Lake Atitlan, Guatemala
Software development 

TrainersLab postmortem

TrainersLab was a Windows application that I created together with a Swedish bodybuilder in 2003. In those days you called it a "Multimedia CD-ROM" to make it sound more fancy.

We parted ways and I continued on my own, redesigned the application and published a new version in 2005, as downloadable on the internet.

I still think the technology I used and style of user interface of this new version is very interesting, and could motivate doing a postmortem description of this dead product.


My very talented friend Erik was kind enough to design the logo and page elements. See above for the stylized TL as in TrainersLab. It was meant to resemble the heart pulse curve of an ECG print.

TrainersLab was part educational material, mostly about gym training and nutrition, and part diary tools to log and analyze your training. The philosophy was "Science doesn't fully understand optimal training yet. Become your own scientist and analyze what you do, to find your optimum path to success."

A trial version of TrainersLab can be downloaded from here. Works on Windows XP, but probably not on Windows 7 and later versions.

Technology

TrainersLab was built in .NET technology with C# 2.0, and a proprietary database format. Data was stored through normal object serialization, and then written as records in a simple flat file database, with a separate index file to keep track of all objects. This resulted in pretty simple but efficient storage of object graphs, and quite the opposite of a sophisticated RDBMS that would have had to be installed on the user machines.

The user interface was mostly done in HTML, which was very unusual at the time, and still is for a Windows application. All content and tools were in document style pages not forms, and organized in a hierarchy of folders.

Below: The general design of the application. The folder structure is to the left, the main menu at the top, and the document pane to the right. The document pane was entirely done in HTML with the rest was normal Winform components. (All in Swedish).

I embedded Internet Explorer into the application, and made heavy use of its content edit mode, so that pages could be edited in a true WYSIWYG fashion. Pages could be created and modified both during its production and at the hands of a user.

The structure could be navigated though the left menu, or if it was hidden away, through clicking on links in the text of the pages, and through the breadcrumb navigation at the top of each page. This gave the application a feel of being a web site but at the same time an application, which I felt was a very nice and powerful combination. 

For example at the start page above, the user can either browse the directory structure to the left. Or he can click a button above to hide the directory, and then continue browsing around like a web site with underlined links, as shown below. 

Below: The page content is in the middle, in this case a folder that lists recipes. At the top is the breadcrumb navigation that shows where in the structure the page is, and below is a list of sub pages/folders. To the left are checkboxes with icons, which optionally show and hide those particular sections.

TrainersLab had a huge database of ingredients and their nutritional values. These were combined into recipes, with totals for all the values, so that users could keep track of their diets. 

Below: The nutritional values for papaya fruit. These pages are documents, but at the same time editable, in that every white box can be edited by the user.

Below: A number of ingredients are combined into a recipe. The editing was all through the magic of dynamic HTML. The text of each ingredient is a clickable link that leads back to its page.

Below: The same logic applies to exercises and how they are combined into training sessions. Every exercise included in the application also had a video sequence of my friend performing it. We filmed it in the gym and then I carefully extracted one single repetition from the feed, so that it could be looped indefinitely without any sign of overlap.

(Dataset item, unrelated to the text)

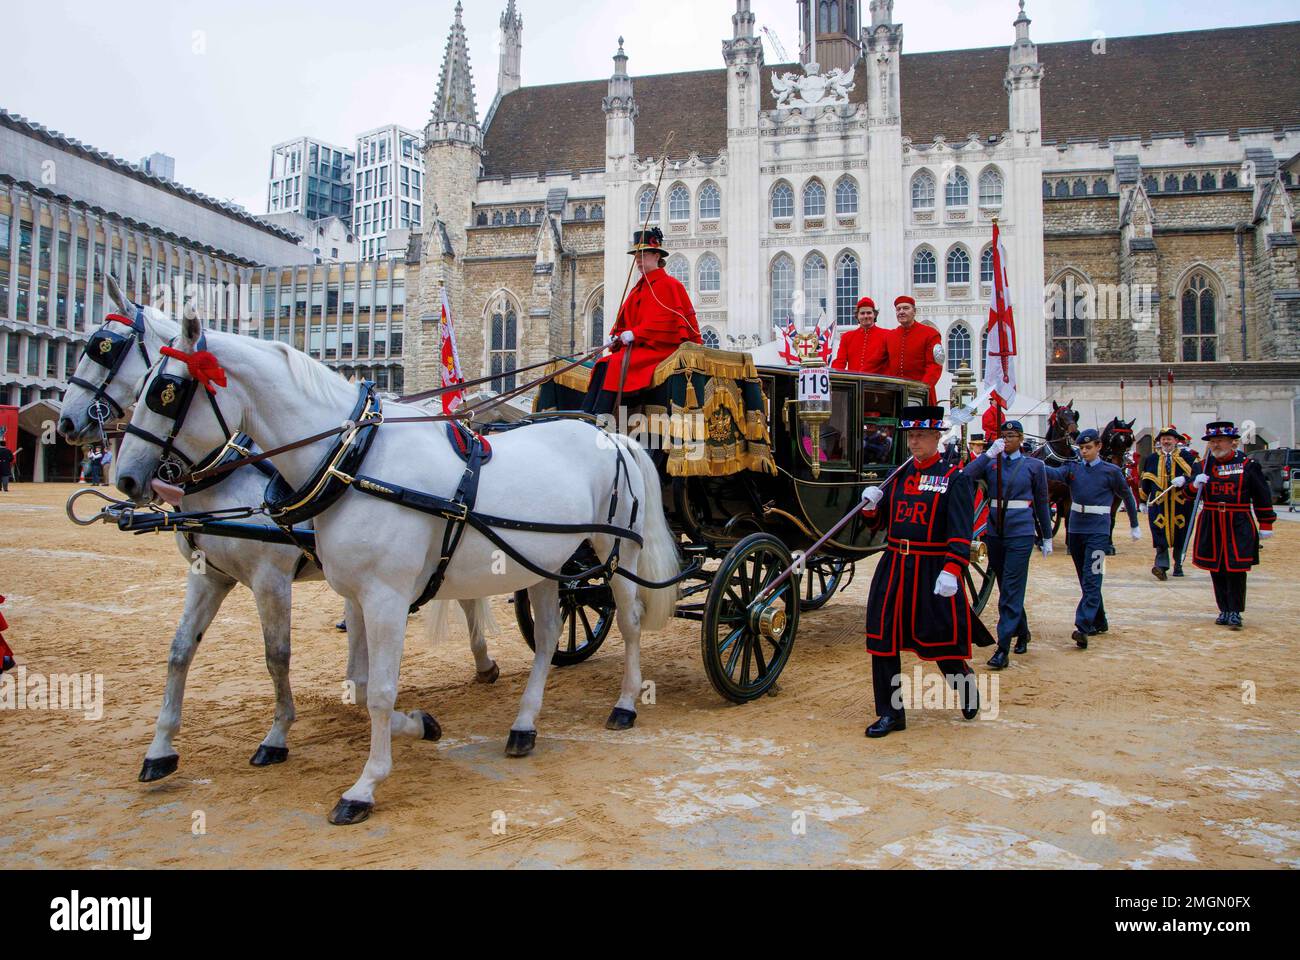 Eine Kutsche im Guildhall, mit Yeomen, die zur 694. Show neben uns marschiert. Die Lord-Mayors-Show in London mit Pferden und Pracht. Stockfoto

As with ingredients having nutritional values, exercises instead had a list of involved muscles.

Below: Several exercises are combined into a training session, with space to write your result in the exercise, for example 40 kg done for 12 repetitions.

Below: I dug deep into the physiology books and compiled descriptions of all major muscles in the body. In this case the major pectoral muscle.

Below: It all came together in the dairy, where all meals and training sessions were logged.

Below: The powerful diagram function took all the logged data and presented it as curves, to analyze progress, and find what things that did not work really well. In the example below three curves are compared: amount of protein consumed, amount of vitamin C consumed, and the result in bench press. (Sorry for not showing the entire diagram, this is the only screen shot I have).

Final thoughts

At the time I thought that combining a document flow layout with an application form layout was a very good thing, and where the future for user interfaces would lie. Forms get increasingly complex and need the flexibility and plasticity of flow layout, while documents usually need buttons and controls to modify their contents.

I still think this is an optimum way to design user interfaces, but few seem to agree, because there are no professional tools to create this kind of design. It has to be done through various tricks, and is very time consuming.

As for the story of TrainersLab, it never caught on. I believe it was a really good product, but I only sold about a hundred copies of it. I think it was a combination of the market not being ready for it, and lack of sales effort on my part. I learned the hard way that I should stick to being an engineer, not a businessman.